Further, if a person was not thrilled with their job, right now there are hundreds of thousands of businesses they can approach for a different job.  They are in great demand.  This will not be a case of the laid off employee simply picking back up exactly where they left off and this may be true for the employer as well.

So, what is the good news?  There is GOOD news.  The markets loath surprises.  What we just described above about re-opening the economy should not come as a surprise.  We all knew it was coming and could be discounted by the markets to some degree.  The recent increase in the value of the markets is an expression of this. Even companies that show a terrible, but better than expected set of numbers will be rewarded by eager investors.  Those that have disappointing numbers will be hurt, perhaps to the point of going out of business, for example, Niemen Marcus. There will be mergers of weaker companies with stronger companies that can strategically help each other.  New products and services will be invented and discovered.  If they genuinely have a benefit, they will be able to prove themselves in the marketplace.  Remember, there was a time, really, when there was no smart phone, video streaming, cloud anything or personal, desktop computers. 

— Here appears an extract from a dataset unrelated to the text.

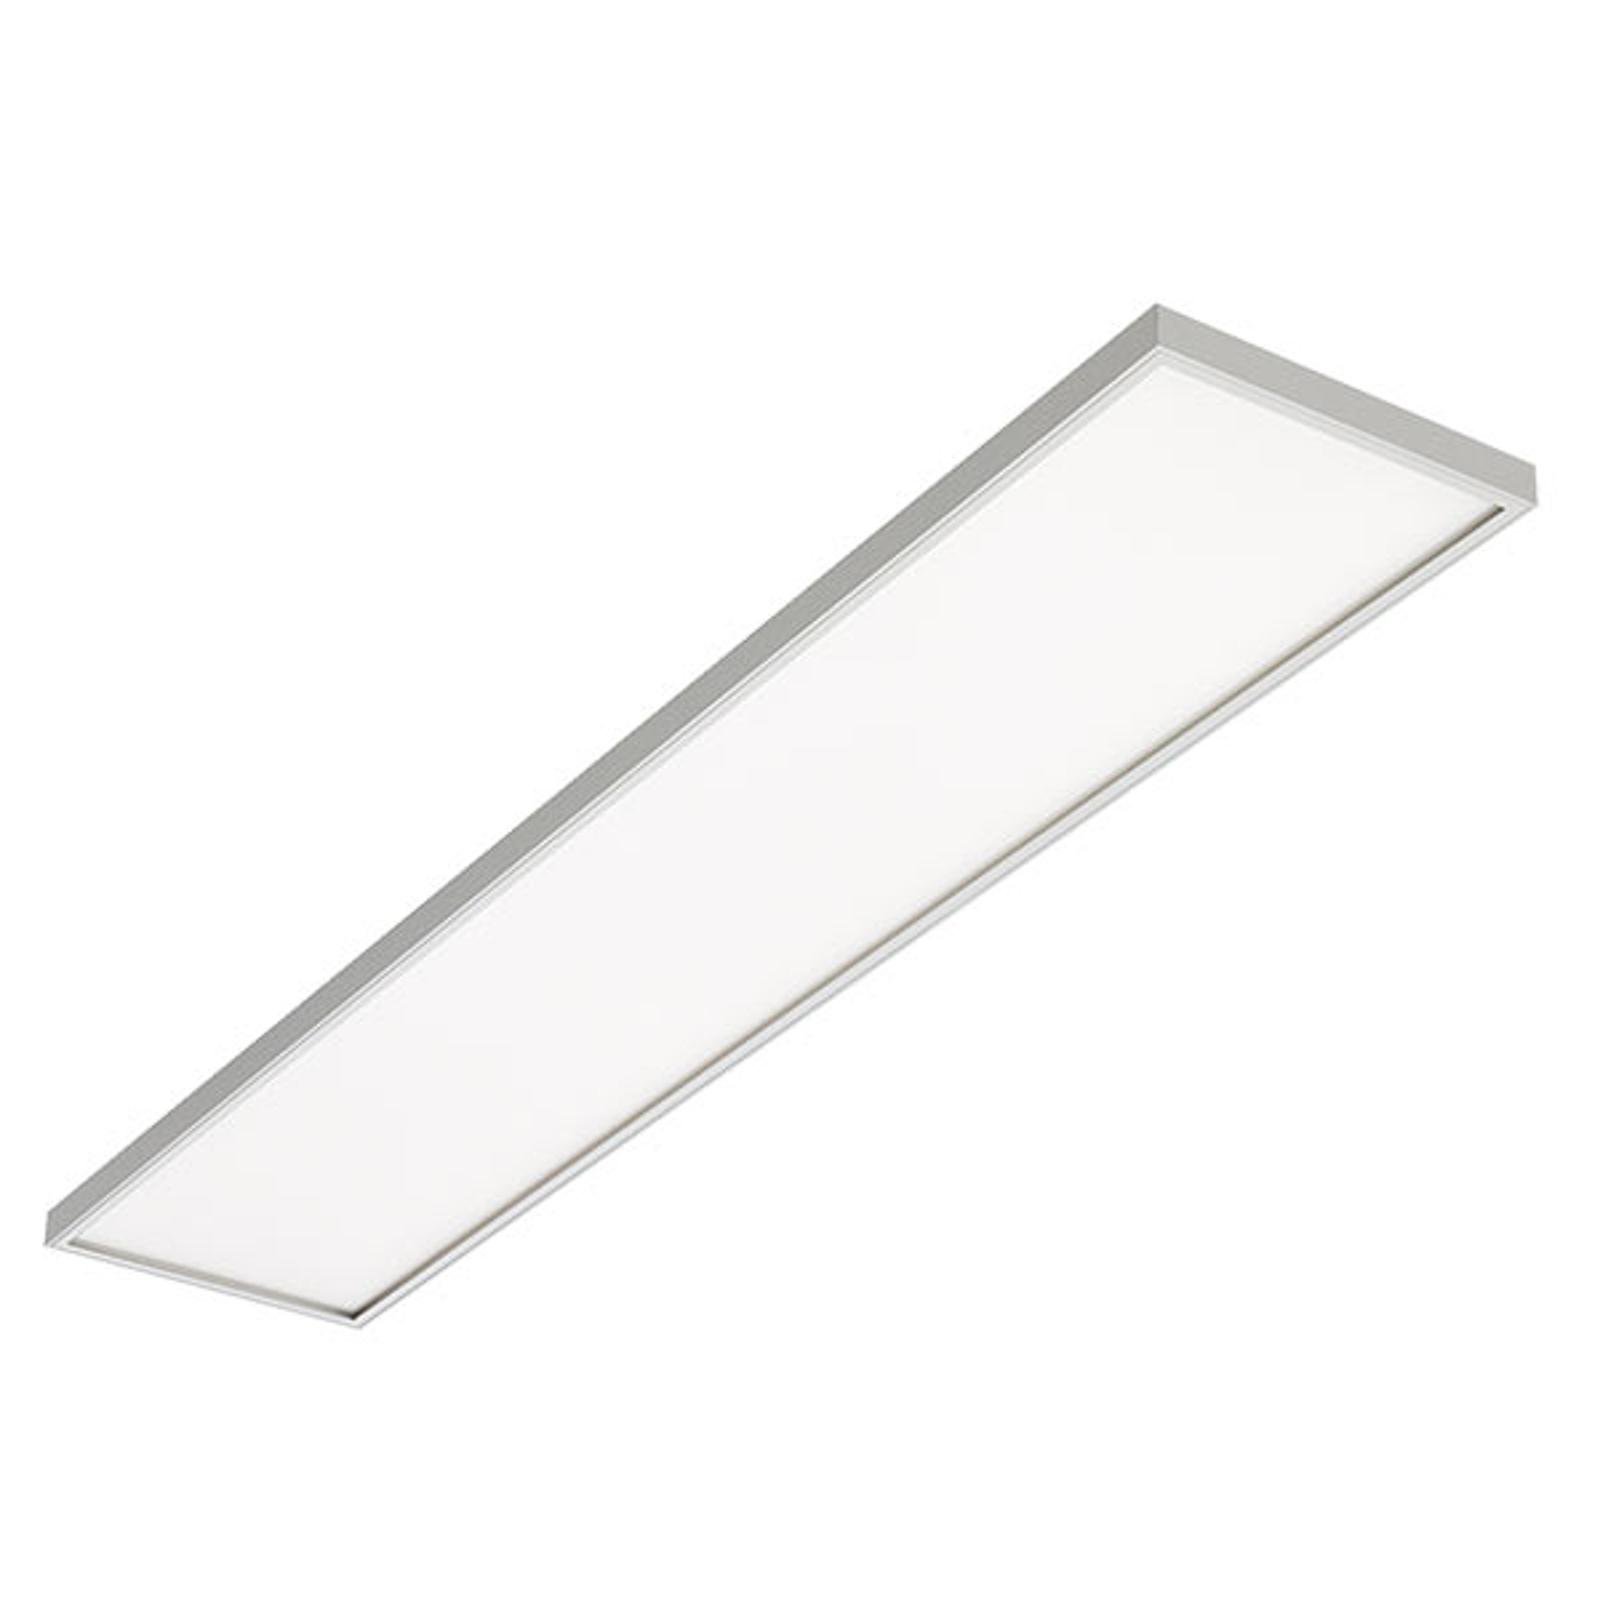 Lampa sufitowa LED C95-S 4000 HF, mikropryzmat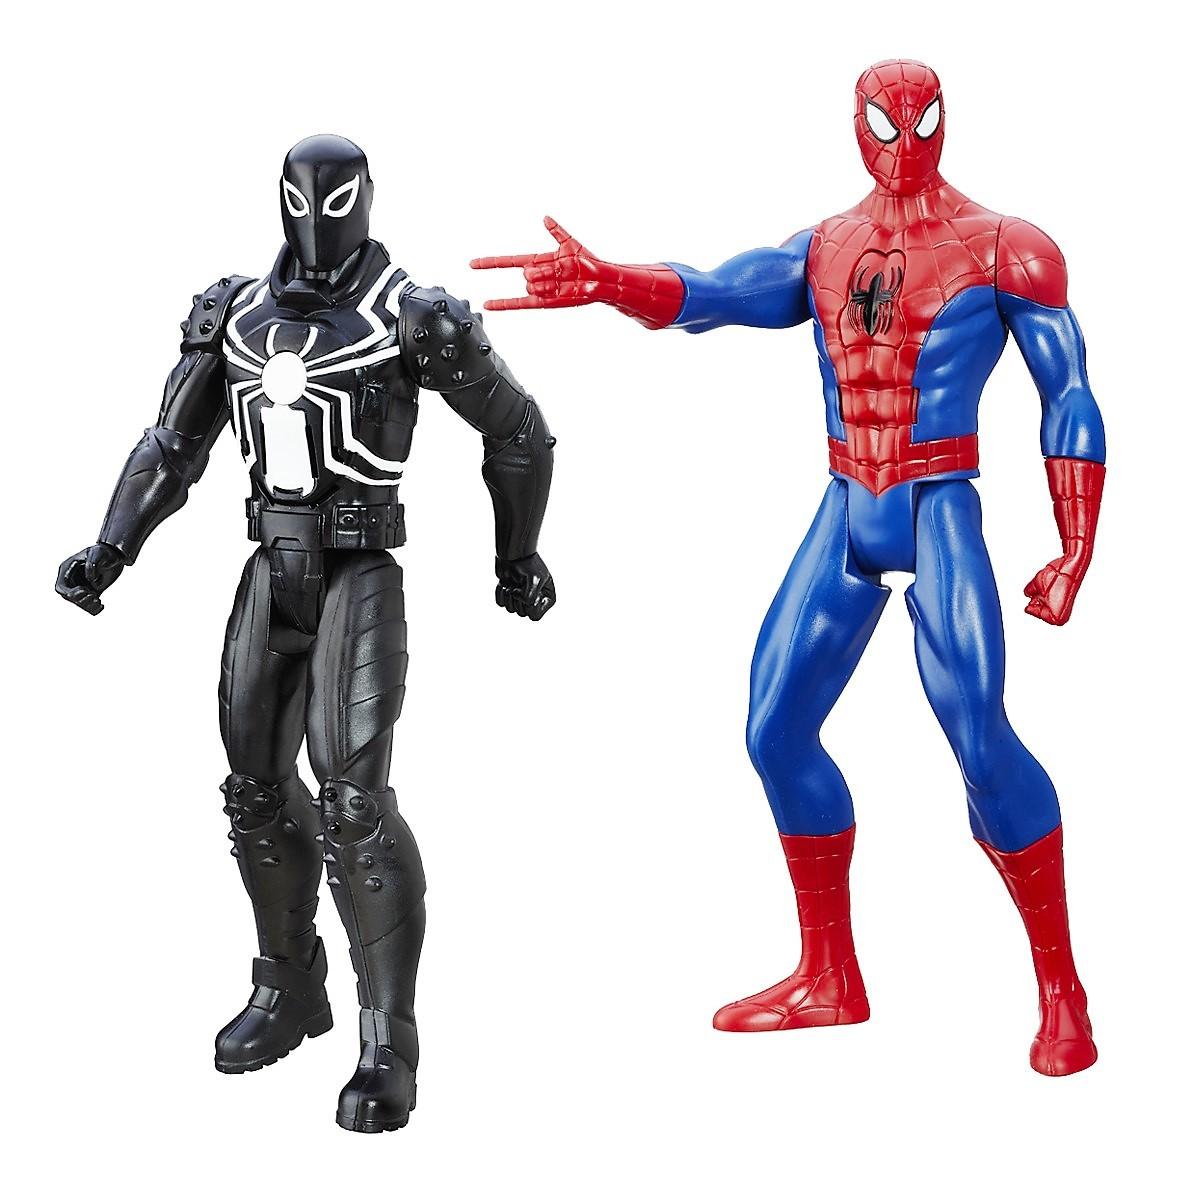 Электронные фигурки Человека-Паука из серии Spider-Man ТитаныSpider-Man (Игрушки Человек Паук)<br>Электронные фигурки Человека-Паука из серии Spider-Man Титаны<br>

The future is open-ended and that space will be filled with many imaginative possibilities.  If…

And here is the final caution.  The virus and the way we have dealt with it, has been like an earthquake.  It has shaken the very foundation of our economy. We apologize for mixing metaphors, but we have spoken for a long time about the “ballast” that the U.S. economy has.  It is massive, has depth and hidden resources, not the least of which is a base of knowledge, skill and creativity that has taken on major challenges and found solutions.  At this time our economy is the largest, most productive, stable and dynamic there is.  It may not be so forever, but it is now.  If the economy is quickly restored and if this reboot is done well, we can accelerate out of this inertia and confusion.  Perhaps it will take a year to see the momentum build, perhaps longer.

Let’s agree that 2020 is a lost year and devote whatever it takes to clear the debris field from the earthquake and reestablish the base of our economy and culture on a more secure, enlightened, just and open basis.  A dilemma that we as a country are now facing is that the Federal Reserve and congress have provided tremendous support to our economy. The dilemma is that this support may have the effect of continuing to prop up what should be allowed to find its own more sustainable growth trajectory. Until it does, the market will likely be more susceptible to ups and downs. Given this mixed scenario, our best assessment, based on the current situation, is that more reliable growth in the economy will emerge in 2021. 

Impact of the above on your investment strategy:

In the course of this coming year we see this as an appropriate time to jointly review your financial plans, your goals and investments. The goal of a regular review is to adjust wherever is necessary to help increase the probability of your success over the long term.

As always, we welcome and thank you for our collaboration.